Friday’s workshop attracted more people than organizers had anticipated, quickly filling a room at the student center to its capacity of nearly 300.
From Atlanta:
Alexandra Alor follows a simple system to elude immigration authorities.
An illegal immigrant from Peru, Alor doesn’t venture out of her home in DeKalb County when she sees police setting up traffic stops nearby or hears about them on Hispanic radio stations. That system has worked for the 17-year-old Lakeside High School student ever since her grandmother illegally brought her to the United States about 10 years ago.
Now she sees an opportunity to remain here without the nerve-racking fear of deportation. She plans to apply for special consideration this week under a controversial new policy the Obama administration announced in June. The policy applies to illegal immigrants who were brought here as young children, who have not committed serious crimes, and who are now in school or have graduated.

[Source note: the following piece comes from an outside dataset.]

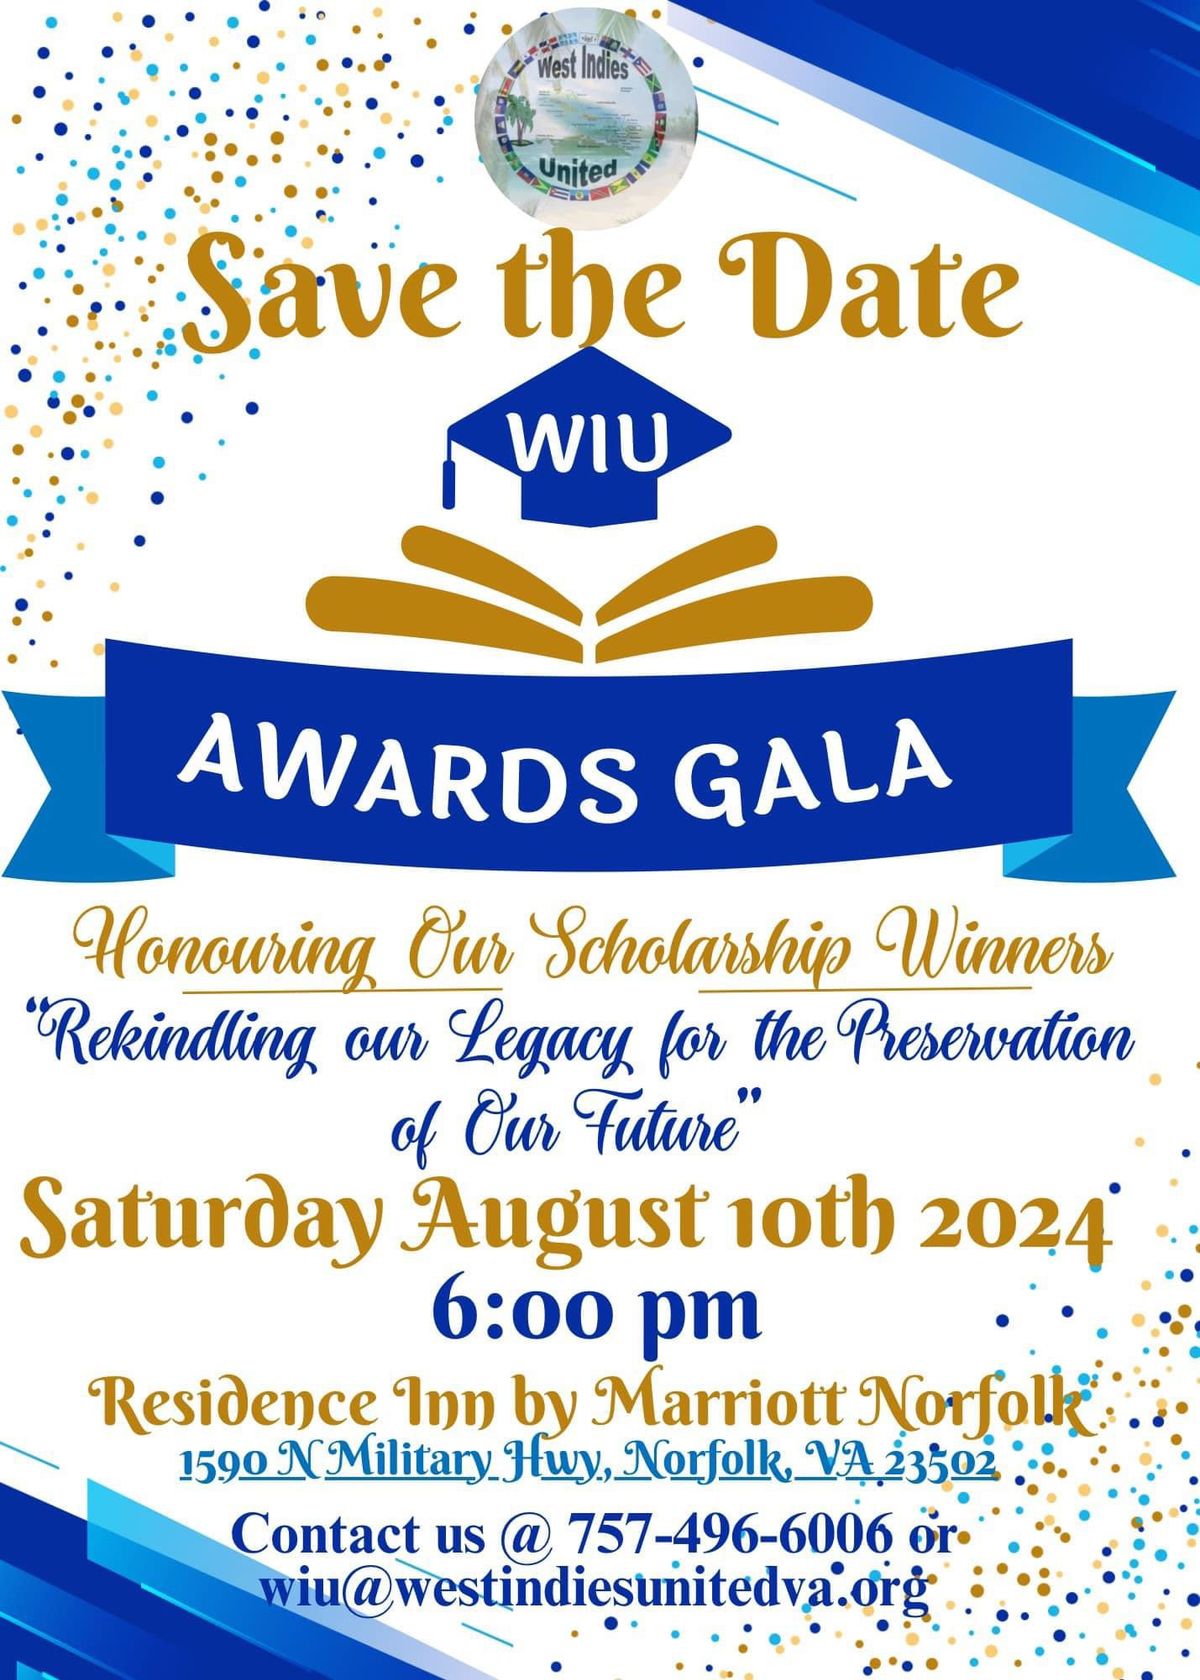 WIU Awards Gala

Everyone admits this is only a stopgap measure. It kind of seems like blatant election-year pandering by the Obama administration, but never mind that. Deferred action prompts illegal immigrants to make their status known. It is likely to make them more willing to be open about who they are. It should “raise awareness,” as the saying goes. Of course, it doesn’t come close to resolving the legal anomaly of millions of people residing here without permission. And it will create incentives for more people to come, as I argued in my American article:
Obama has now given foreign-born de facto Americans a shaky legal foothold in the country. I have no evidence, but it stands to reason that foreigners seeking a better life for their young children will have noticed that. The U.S. economy may finally achieve a strong turnaround any day now, making America a magnet for illegal immigrants again, and leading eventually to a new generation of kids growing up in limbo. Jose Antonio Vargas and his movement have a lot of work to do.

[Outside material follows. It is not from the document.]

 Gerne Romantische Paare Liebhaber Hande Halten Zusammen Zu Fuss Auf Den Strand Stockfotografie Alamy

From the point of view of an open borders advocate, all this is welcome. The more we heighten the contradictions, the better.
Hi Nathan,
This is a great post, like your American article. It would be interesting if you considered some time how restrictionist websites have responded to Jose Antonio Vargas and his Define American movement. This gives a sense of how the other side sees Vargas. Here, for instance, are the VDARE search results on Vargas. Here are the Center for Immigration Studies search results on Vargas.